The method for producing a hollow fiber porous membrane according to claim 12, wherein the method is a mixture of these. 14. The fluorinated thermoplastic polymer is a tetrafluoroethylene-fluorinated alkyl vinyl ether copolymer or a tetrafluoroethylene-hexafluoropropylene copolymer. The method for producing a hollow fiber porous membrane according to any one of the above. 15. The method according to claim 14, wherein the alkyl group in the tetrafluoroethylene-fluorinated alkyl vinyl ether copolymer is a propyl group, a methyl group, or a mixed group of a methyl group and a propyl group. 3. The method for producing a hollow fiber porous membrane according to item 1. 16. The hollow fiber porous material according to claim 7, wherein the cooling bath liquid is composed of a solvent component that is insoluble in the fluorinated thermoplastic polymer.
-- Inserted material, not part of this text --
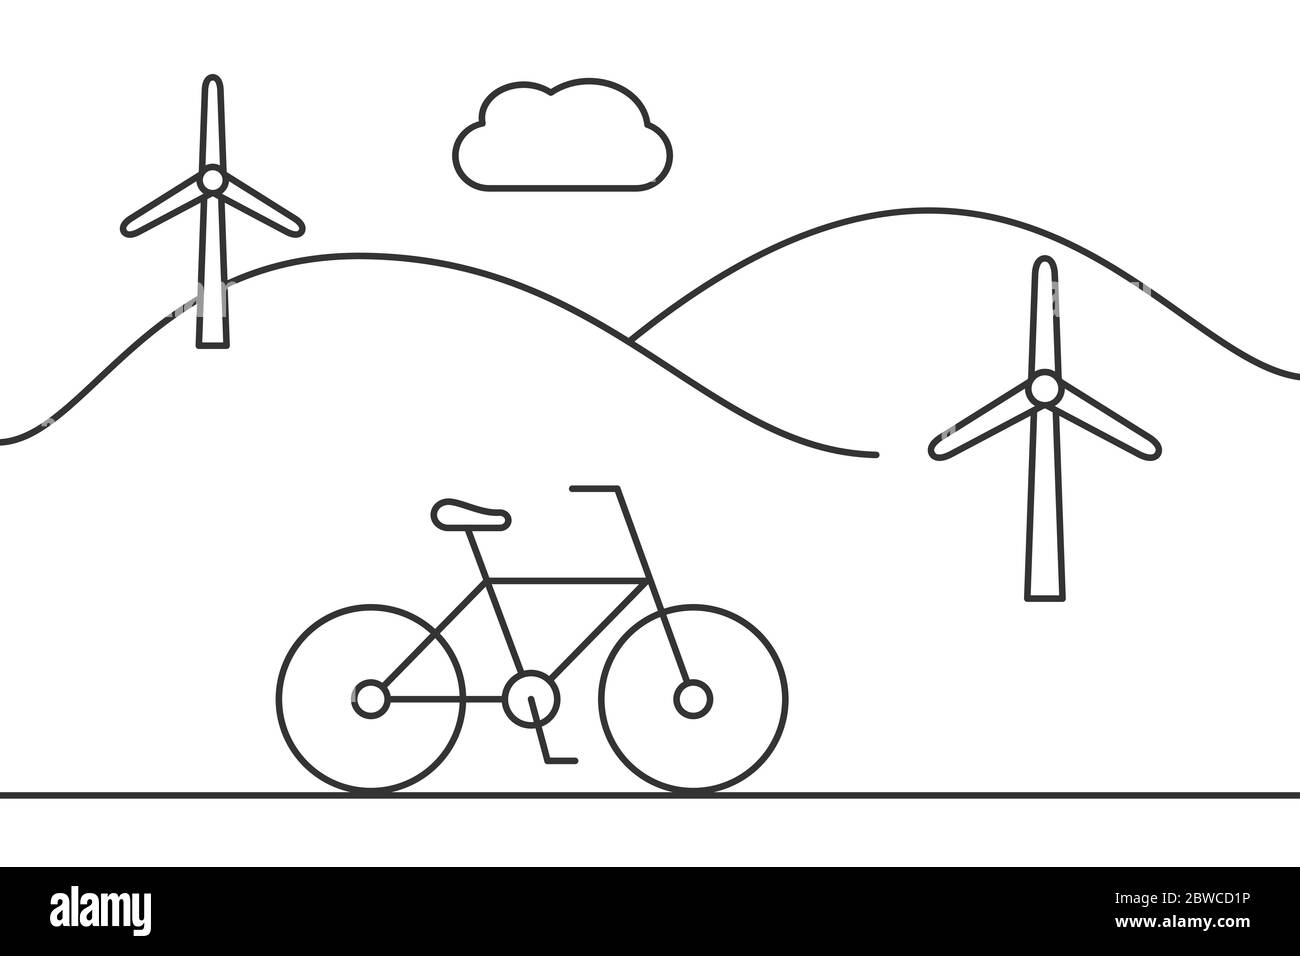 Fahrrad mit Leitungssymbolen für Windenergieanlagen. Landschaft mit Hügeln und Windmühlen. Grüne Energie und nachhaltiges Lifestyle-Konzept. Schwarze Umrandung auf Weiß Stock Vektor

Method of forming a porous membrane. 17. The method for producing a porous hollow fiber membrane according to claim 14, comprising a solvent component insoluble in the fluorinated thermoplastic polymer. 18. The method for producing a hollow fiber porous membrane according to claim 7, wherein the cooling bath liquid is composed of silicone oil or dioctyl phthalate. 19. The method for producing a porous hollow fiber membrane according to claim 14, wherein the cooling bath liquid is composed of silicone oil or dioctyl phthalate. 20. A porous hollow fiber made of a fluorinated thermoplastic polymer, wherein at least one surface is non-skinned and has an IPA flow rate of less than about 3000, prepared by the method of claim 7-13. Membrane. 21. The hollow fiber membrane according to claim 2, wherein the hollow fiber membrane is asymmetric.
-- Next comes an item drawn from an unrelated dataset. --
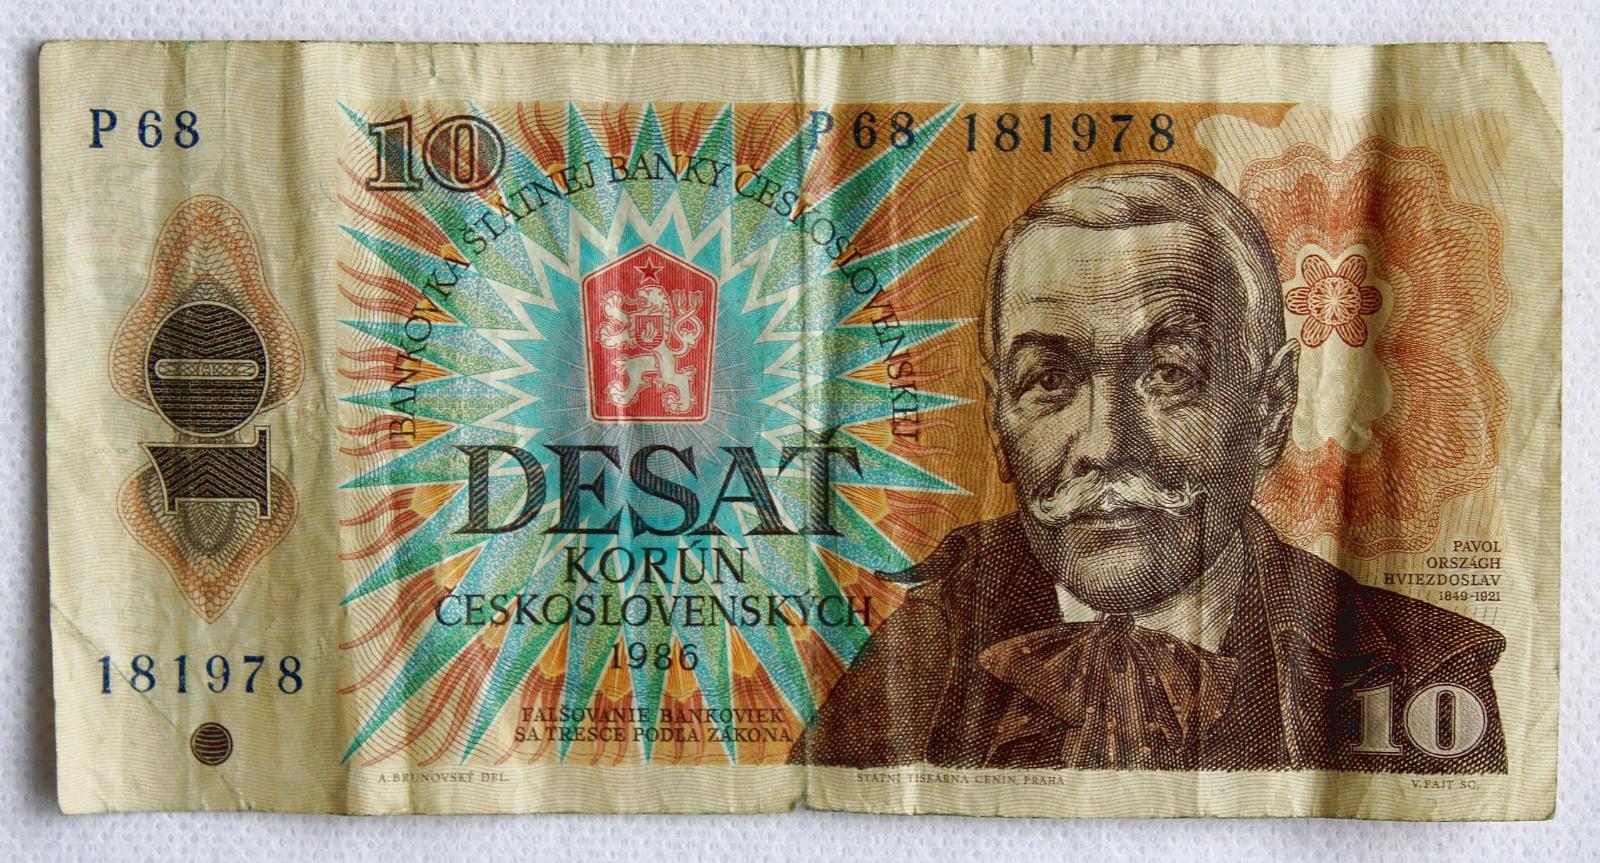 10 korún Československých 1986 séria P 68 (8a) - Bankovky

0. The hollow fiber porous membrane according to 0. 22. The method according to claim 20, wherein the fluorinated thermoplastic polymer is a tetrafluoroethylene-fluorinated alkylvinyl ether copolymer or a tetrafluoroethylene-hexafluoropropylene copolymer. Hollow fiber porous membrane. 23. The alkyl group in the tetrafluoroethylene-fluorinated alkyl vinyl ether copolymer, wherein the alkyl group is a propyl group, a methyl group, or a mixed group of a methyl group and a propyl group. 2. The hollow fiber porous membrane according to item 1. 24. The method according to claim 21, wherein the fluorinated thermoplastic polymer is a tetrafluoroethylene-fluoroalkylvinylether copolymer or a tetrafluoroethylene-hexafluoropropylene copolymer. Hollow fiber porous membrane. 25. The method according to claim 24, wherein the alkyl group in the tetrafluoroethylene-fluorinated alkyl vinyl ether copolymer is a propyl group, a methyl group, or a mixed group of a methyl group and a propyl group. 2. The hollow fiber porous membrane according to item 1. 26. A hollow fiber contactor membrane comprising a fluorinated thermoplastic polymer having a porous surface on both diameters. 27. Graetz having an epidermal surface on both diameters
In the range of 5-1000, this Graetz number is 0.33 to 1
. Hollow fiber contactor membrane made of fluorinated thermoplastic polymer, allowing liquid-gas phase mass transport with a Sherwood number equal to 64 times. 28. The fluorinated thermoplastic polymer is a tetrafluoroethylene-fluoroalkylvinylether copolymer or a tetrafluoroethylene-hexafluoropropylene copolymer. 2. The hollow fiber contactor membrane according to item 1. 29. The method according to claim 28, wherein the alkyl group in the tetrafluoroethylene-fluorinated alkyl vinyl ether copolymer is a propyl group, a methyl group, or a mixed group of a methyl group and a propyl group. 2. The hollow fiber contactor membrane according to item 1.